The city is located in the center of the Venezuelan Andes, in a wide plain in the valley of the Chama River, between the Sierra Nevada de Mérida to the southeast and the Sierra La Culata to the northwest. The old quarter of the city is on the alluvial plain known as Tatuy.

Mérida has four principal rivers and some smaller seasonal streams in the less urbanized parts of the city, these last ones have a significant water flow only in times of heavy precipitation. The most important river is the Chama, followed by the Albarregas, which cross the plain and divide it into two parts: the Banda Occidental (west bank) and the Banda Oriental (east bank). These two rivers run from one end of the city to the other. The other two principal rivers are the Mucujún and the Milla, which flow into the Chama and Albarregas. In the lower part of the city is found the La Rosa lake, one of some 200 lakes in Mérida State.

In the center of the city the terrain, located on a plain, is almost flat. Nonetheless, there is an average incline of 3 to 7 degrees, which causes a difference in altitude between the high and low parts of the city of more than 400 m, the average being 1630 m above sea level at the Plaza Bolívar. However, the areas surrounding the city are rough and uneven, situated in the valleys formed by the Chama and Albarregas rivers and the Sierra Nevada and Sierra de La Culata ranges.

The valley in which the city is located was formed approximately 40 to 60 million years ago with the creation of the Venezuelan Andes and its continuous erosion by the area's water systems. Its soils consist of alluvial sediment and clay. Below the city runs the major tectonic fault in the western part of the country, the Boconó fault, which forms part of the South American Plate.
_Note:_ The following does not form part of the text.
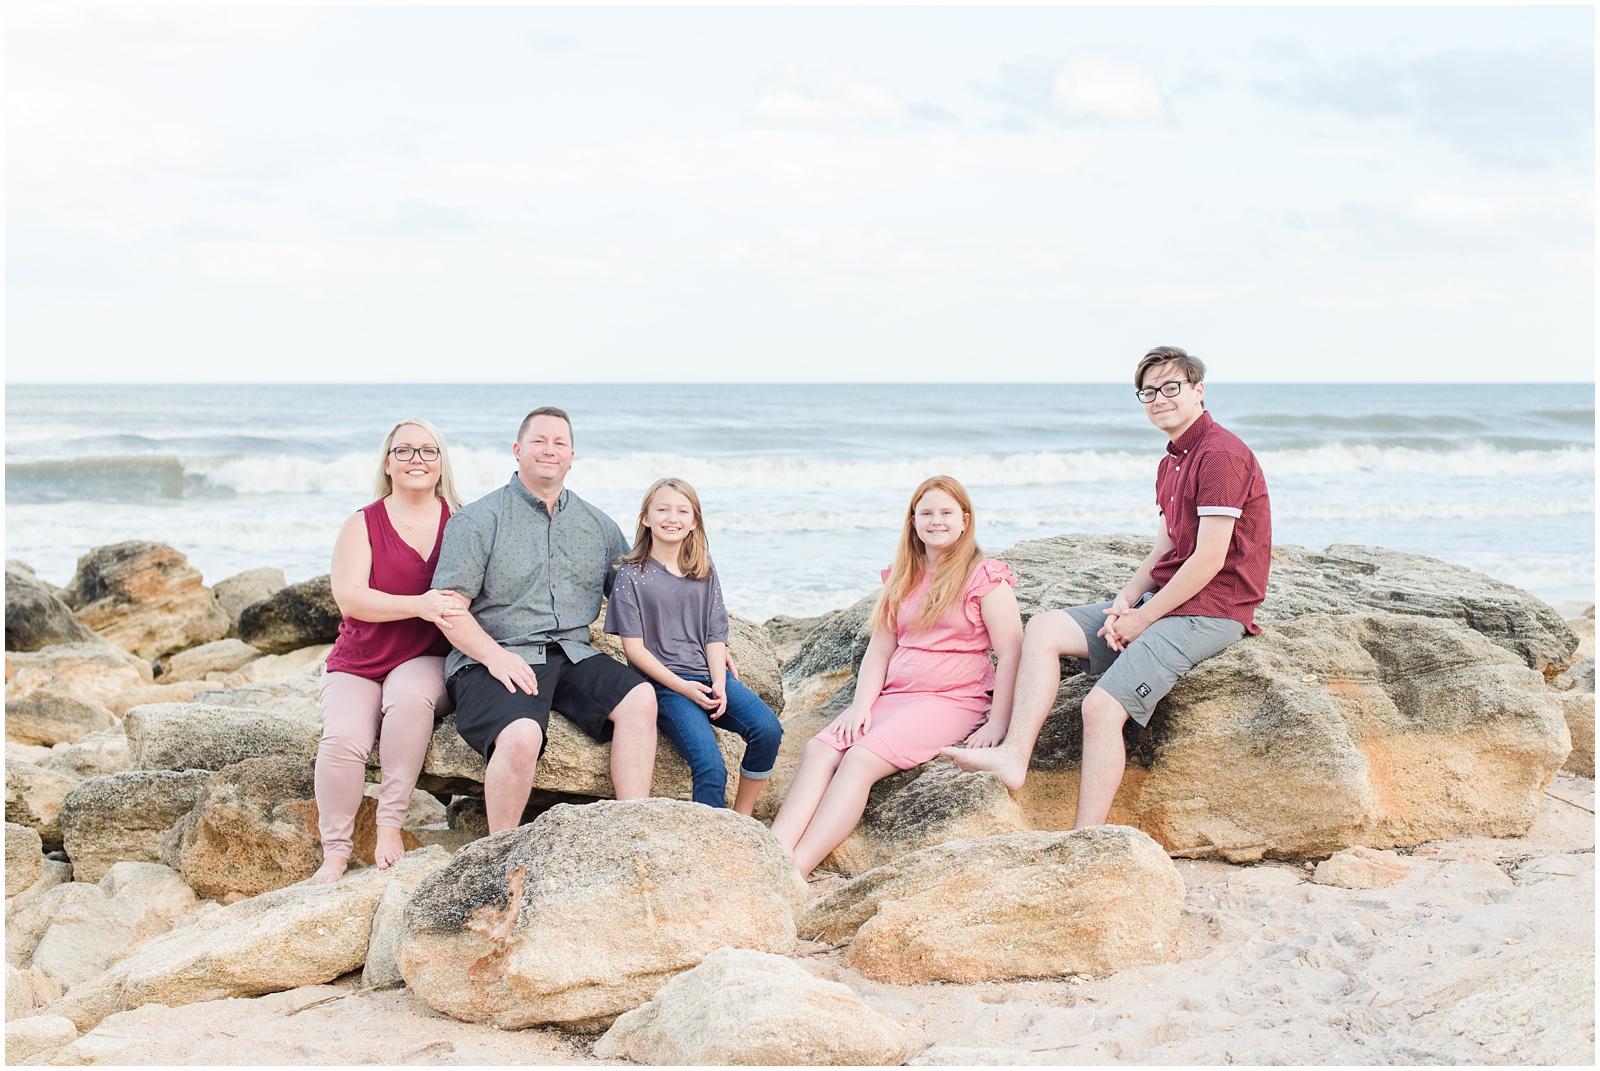 Washington Oaks_Garden_State Park_Beach_Family_Portraits_10.jpg

The vegetation in the interior of the city consists of medium to tall trees, and ferns (Pteridophyte), located mainly near the basin of the Albarregas river. On the outskirts of Mérida, one finds non-urbanized areas, where sub-mountainous and seasonal jungle vegetation predominates. On the other hand, vast coniferous forests extend toward the south, where they were planted some years ago. Toward the north and east, one finds cloud forests.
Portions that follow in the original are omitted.